The National Park Service is considering a rule that would allow extreme and unethical hunting practices on Alaska National Preserves, including bear baiting and the killing of bear cubs and wolf pups in dens. These practices conflict with the founding purpose of the National Park Service, which has been tasked by Congress to preserve park wildlife unimpaired for future generations.
Allowing bear baiting and den killing would make national preserves less safe and undermine Alaska’s tourism economy. Familiarizing bears with human food increases the risk of dangerous encounters, putting visitors, local communities, and other wildlife at risk. Most visitors come to Alaska’s parks hoping to see bears in the wild—not lured to greasy piles of food for trophy hunts.
Tell the National Park Service that Alaska should not become a testing ground for weakening wildlife protections across the entire National Park System. Today it’s bear baiting in Alaska’s preserves; tomorrow it could be similar practices in parks across the country.

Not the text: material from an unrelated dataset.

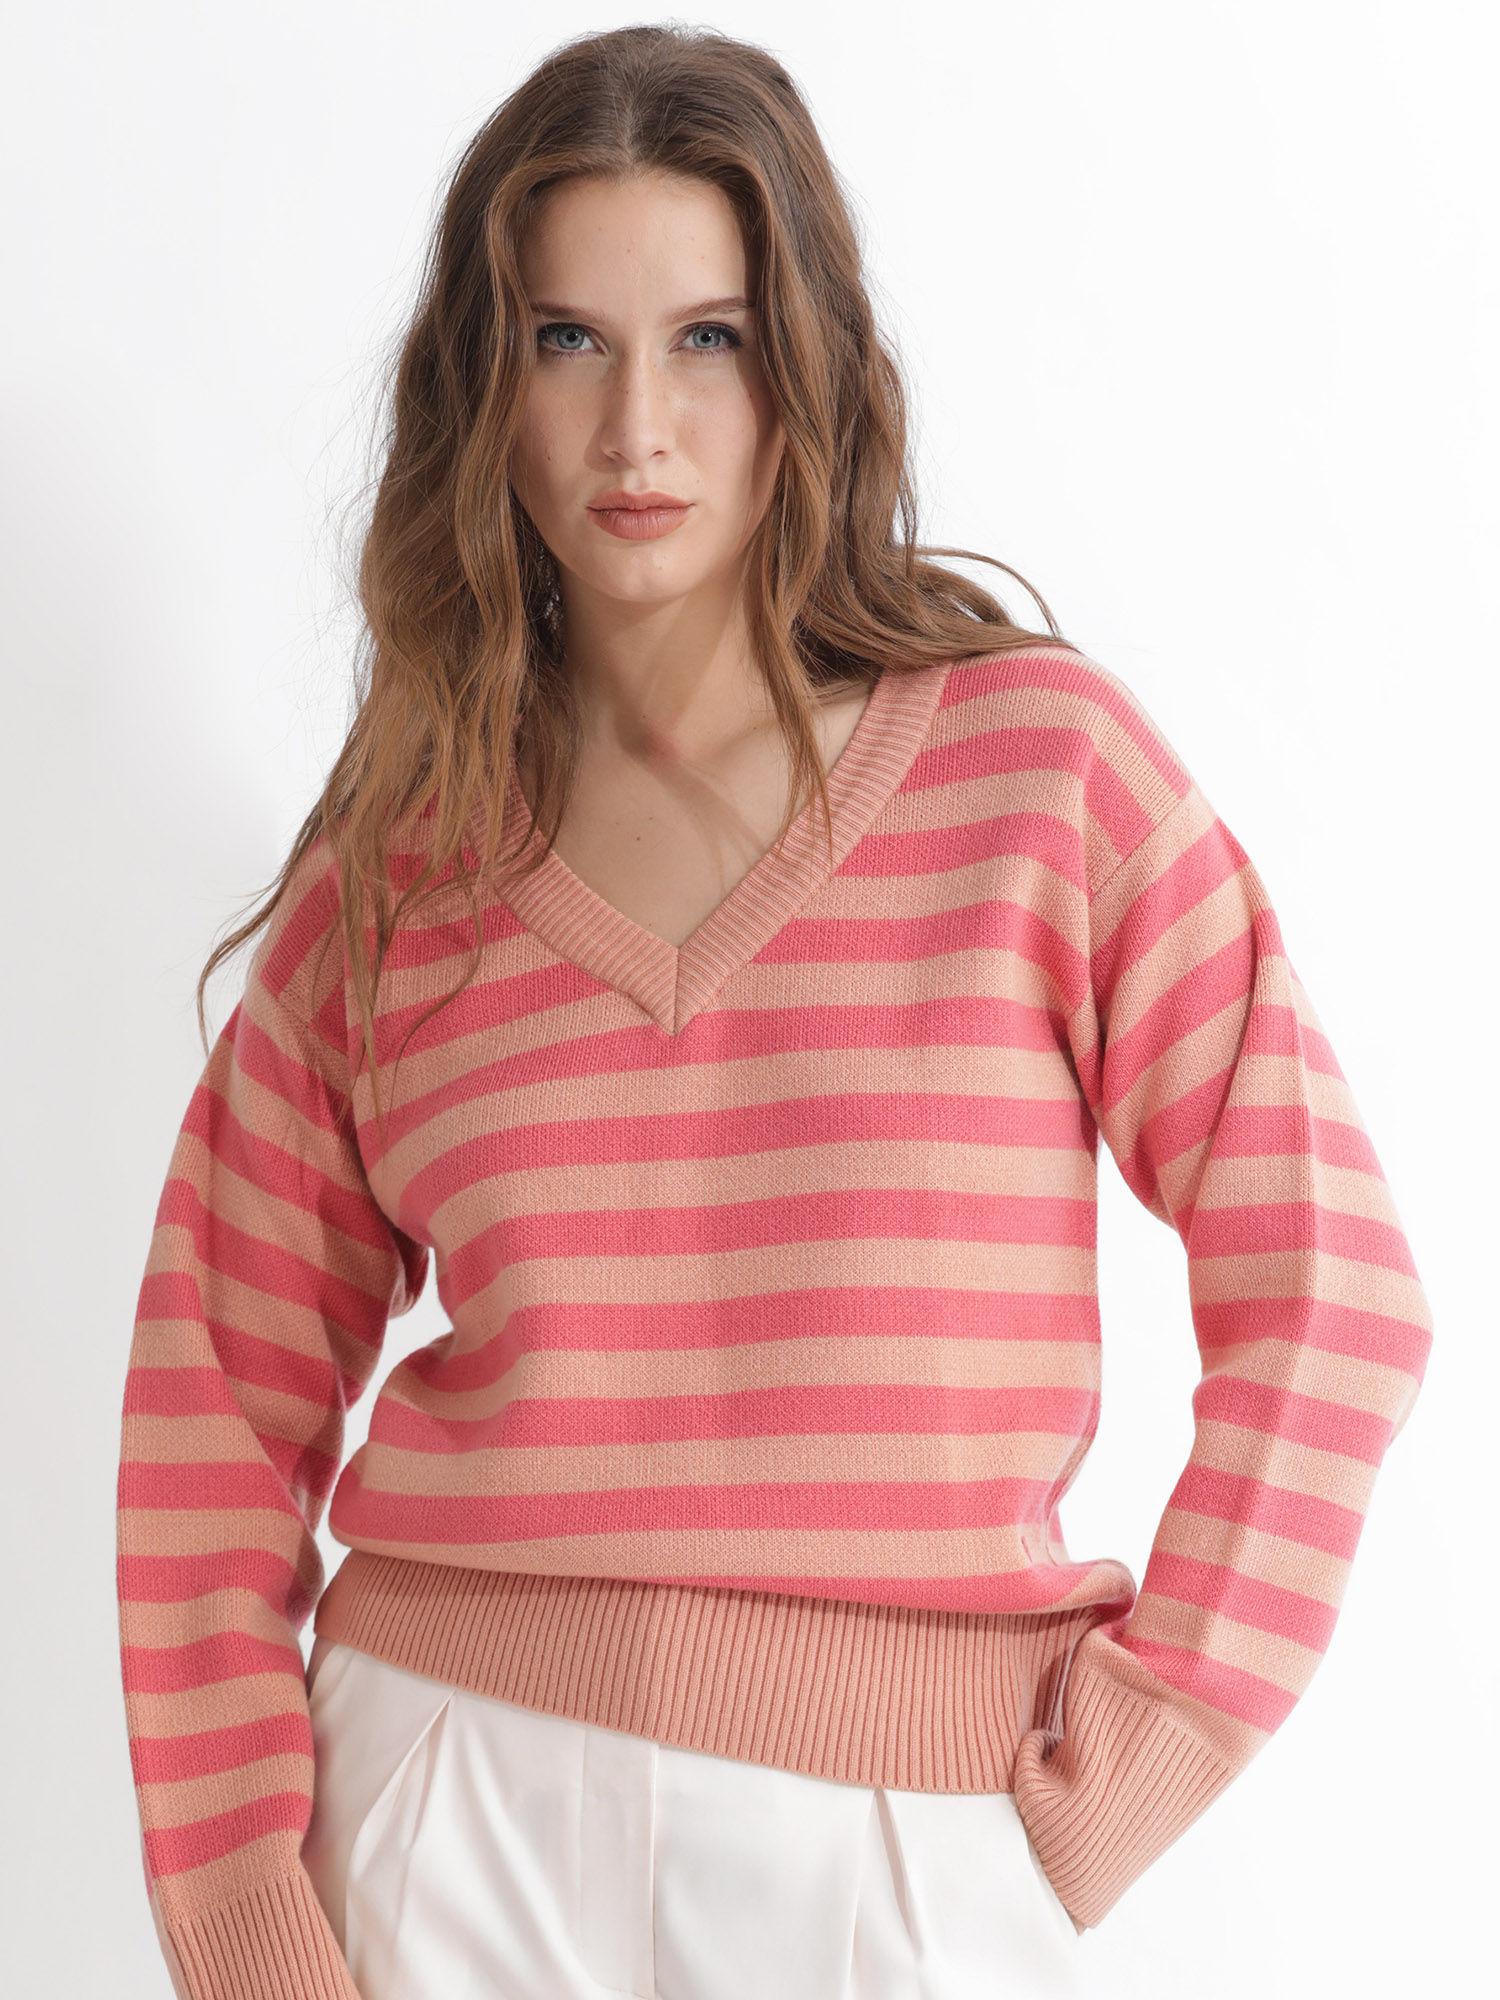 ronnie dark pink sweater
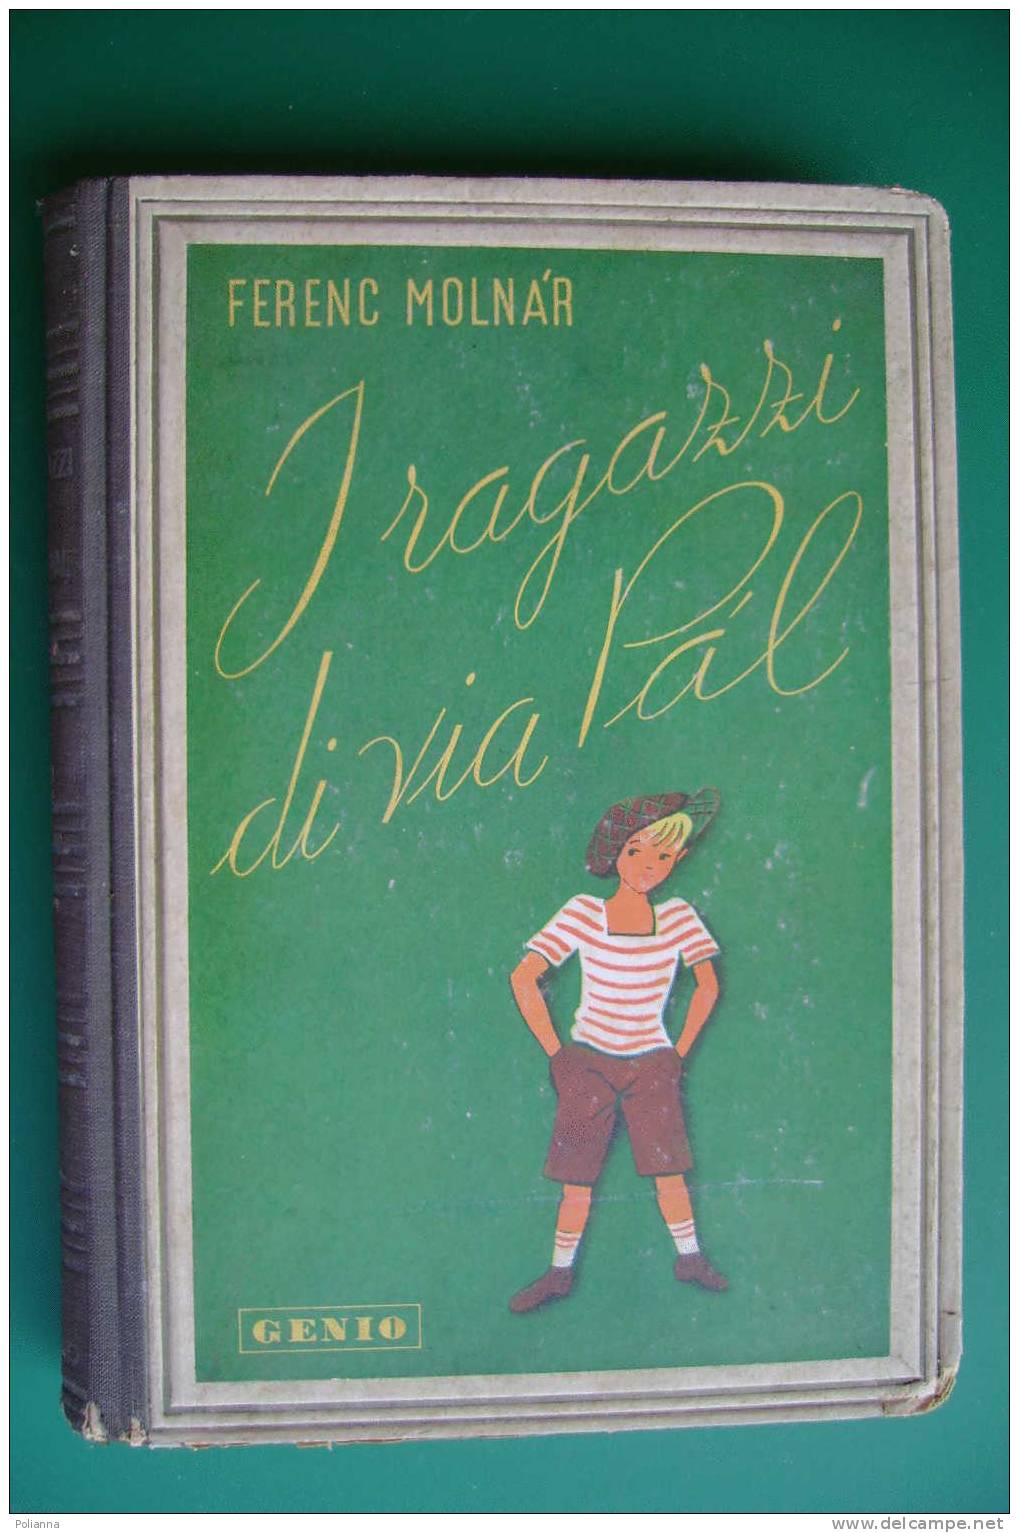 PDC/40 Ferenc Molnar I RAGAZZI DI VIA PAL Genio 1945/illustrato - Anciens

Dear Regional Director Striker:
From Katmai to Denali, Alaska’s national park bears are iconic symbols of Alaska and the National Park System. The proposed Alaska Hunting Rule attacks those bears and other national park predators. The rule authorizes the killing of bear cubs and wolf pups in dens in parts of some preserves, and allows sport hunters to leave greasy piles of food to “bait” bears for trophy hunts across millions of acres of national preserves. The rule is not consistent with the National Park System’s wildlife management ethic. It is also dangerous. Baiting habituates bears to human food, increasing the chances of bear attacks on visitors to our national parks and preserves.
I value our national park system, the wildlife it protects, and the opportunities it provides for visitors to observe wildlife. The Park Service should not permit bear baiting or the killing of cubs and pups in dens. I urge you to withdraw this proposed rule.